Our final code looks pretty well identical to our dream that discussed in the Goal section! The first piece of user code is the base class. That code could look like this:

1
2
3
4
5
struct Animal : Factory<Animal, int> {
  Animal(Key) {}
  virtual void makeNoise() = 0;
  virtual ~Animal() = default;
};

Every line of code here is actually expressing something relevant to their design, with the exception of line 2, which is a small price to pay to make sure that users of this base class don’t accidentally inherit directly, and then try to understand why their class isn’t registered.

Now let’s look at the next piece of user code, a derived class:

1
2
3
4
5
6
7
8
9
class Dog : public Animal::Registrar<Dog> {
public:
  Dog(int x) : m_x(x) {}

  void makeNoise() override { cerr << "Dog: " << m_x << "\n"; }

private:
  int m_x;
};

Every single line of code here implements some kind of functionality for the derived class; boilerplate here is at an absolute minimum.
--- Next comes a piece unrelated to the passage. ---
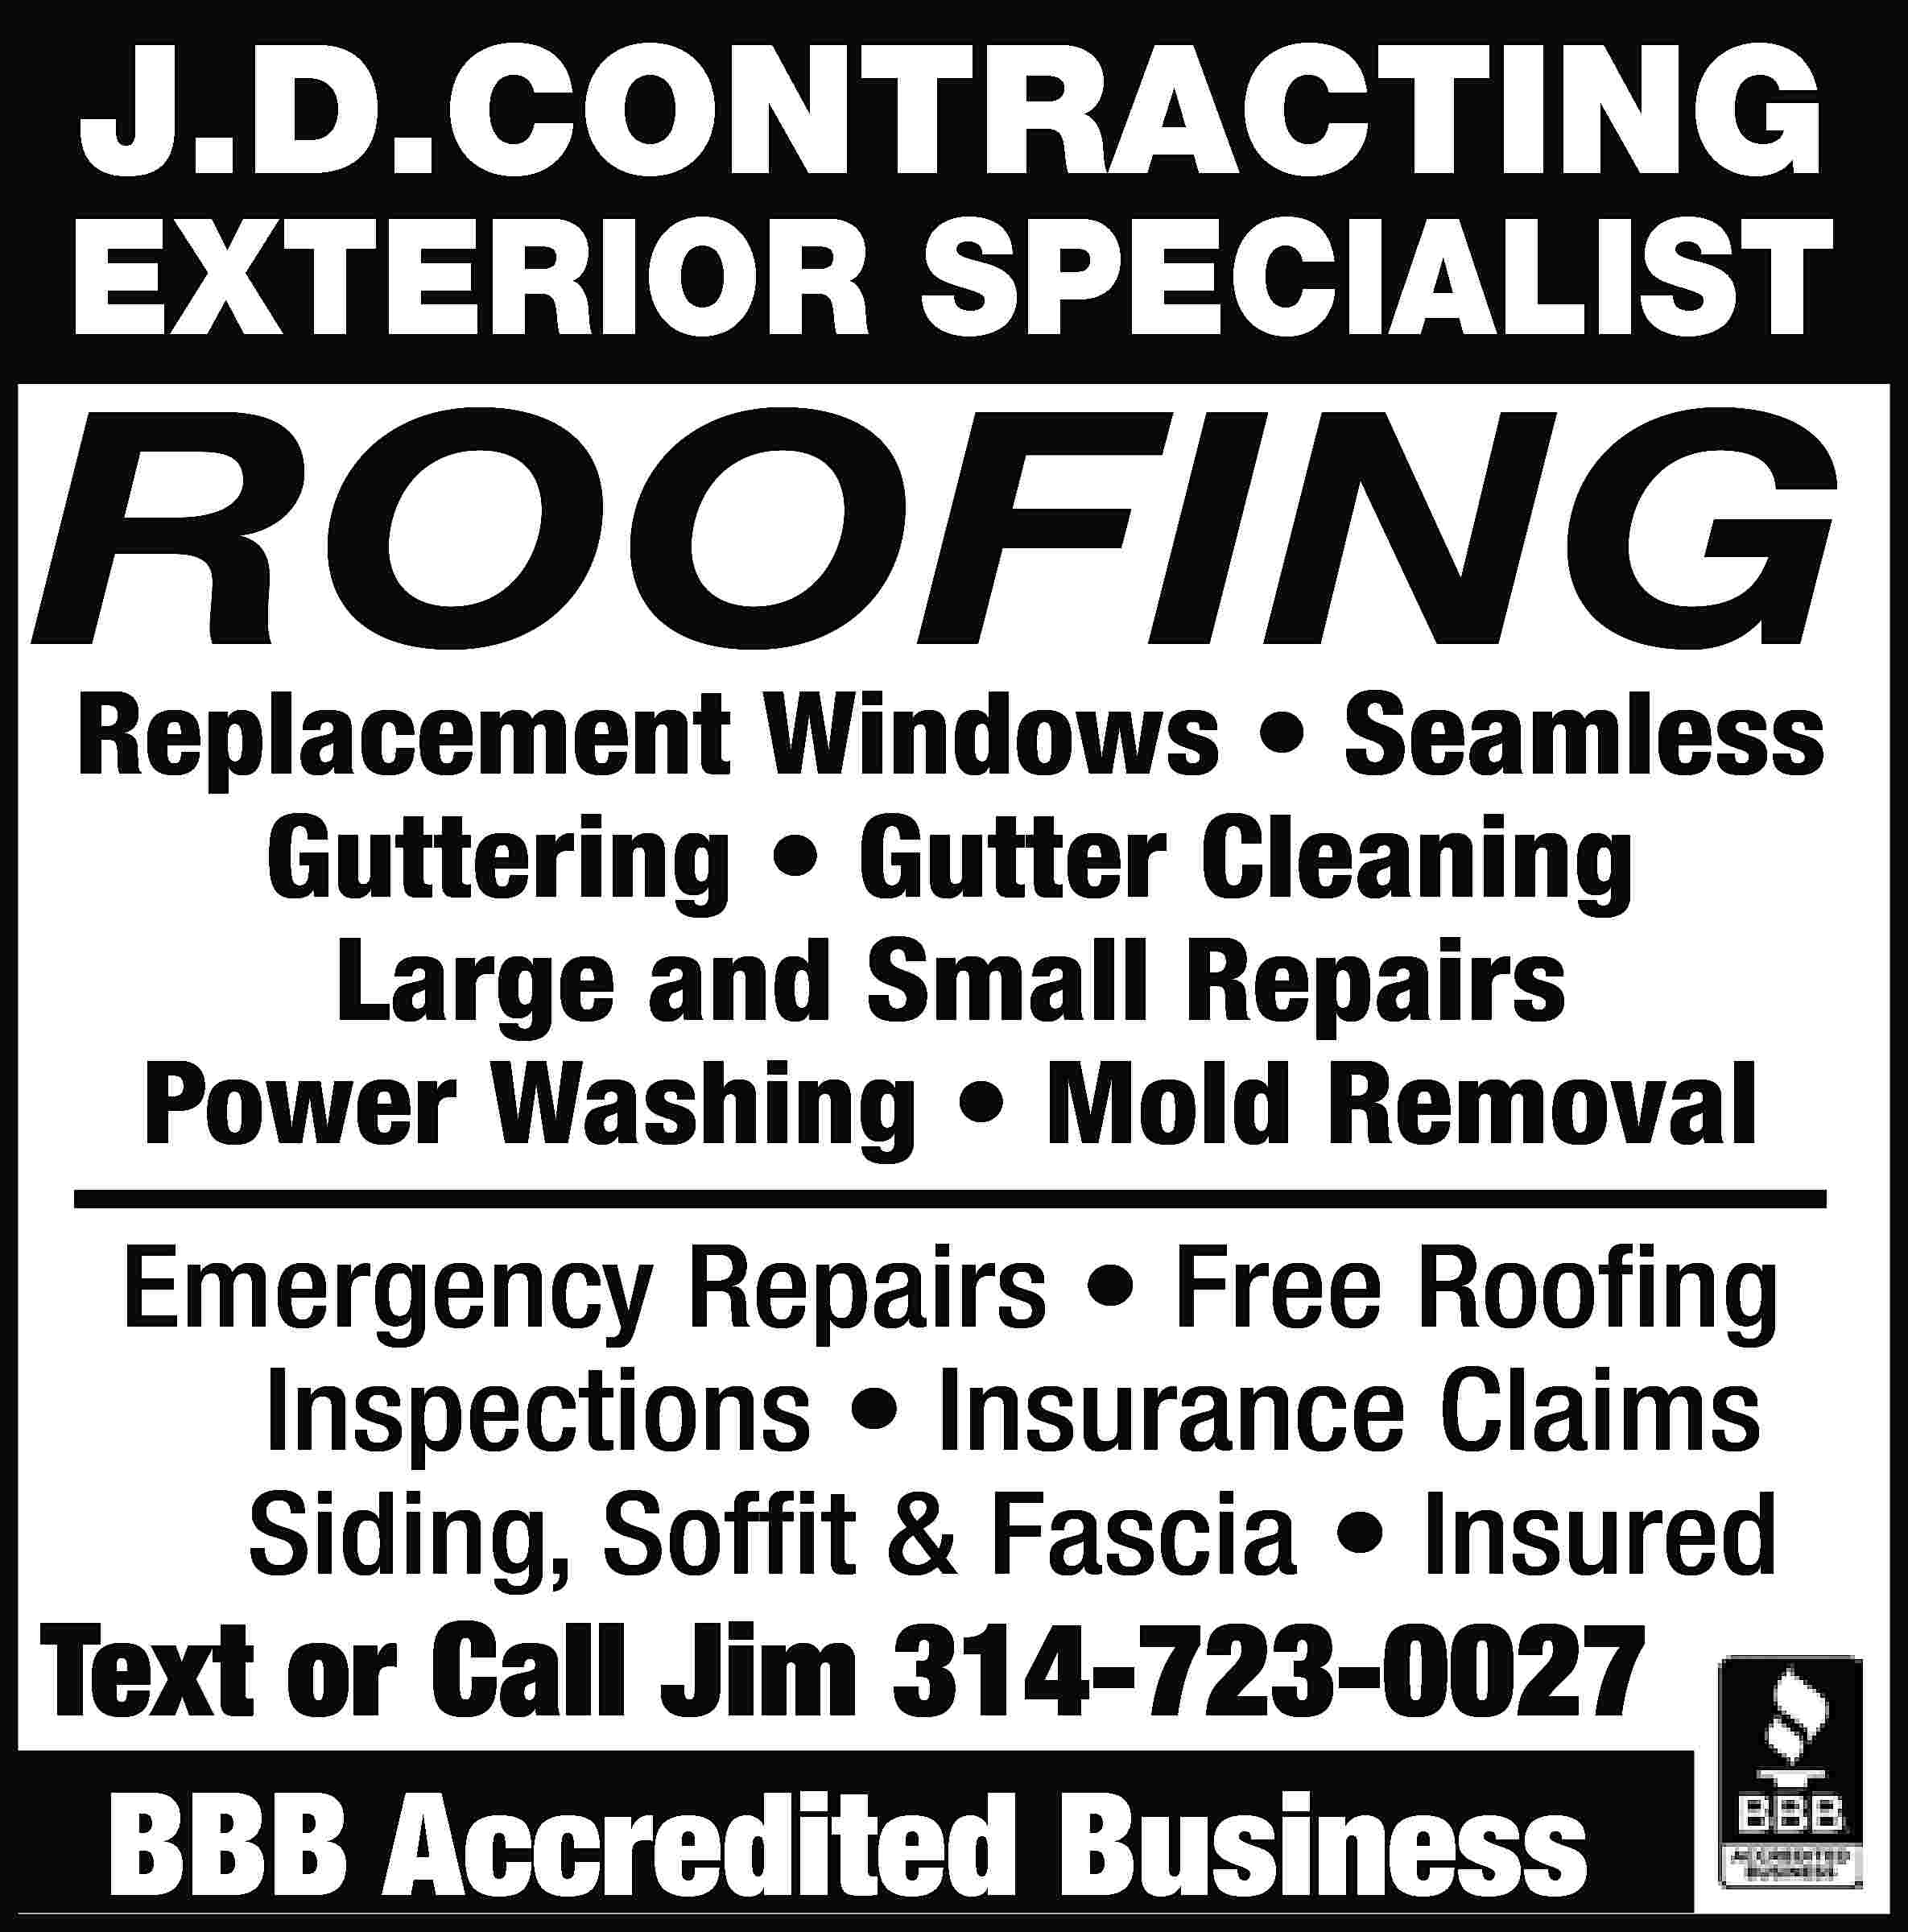 J.D.CONTRACTING EXTERIOR SPECIALIST ROOFING Replacement  J.D.CONTRACTING EXTERIOR SPECIALIST ROOFING Replacement Windows • Seamless Guttering • Gutter Cleaning Large and Small Repairs Power Washing • Mold Removal Emergency Repairs • Free Roofing Inspections • Insurance Claims Siding, Soffit & Fascia • Insured Text or Call Jim 314-723-0027 BBB Accredited Business

Beyond automatic registration, we also protect at compile time against a number of errors:

  • It’s not possible to have Dog inherit from Animal directly
  • It’s not possible to have Dog inherit from Registrar<Cat>.
  • It’s not possible to provide a constructor with an incompatible signature.

Finally, let’s take a look at a trivial bit of code that makes use of all this. Let’s assume that we have a Cat class as well defined by :s/Dog/Cat on our previous bit of code. Then we can write:

1
2
3
4
5
6
int main() {
  auto x = Animal::make("Dog", 3);
  auto y = Animal::make("Cat", 2);
  x->makeNoise();
  y->makeNoise();
}

Which prints out:

Dog: 3
Cat: 2

as you would expect. See a full copy of the working code here.

We’ve managed here to separate out much of the boilerplate that often goes with writing polymorphic code in C++, with a relatively small and simple amount of code. As we can see, the user code that defines the interface and various implementations can focus on the required logic, and get polymorphic construction for free.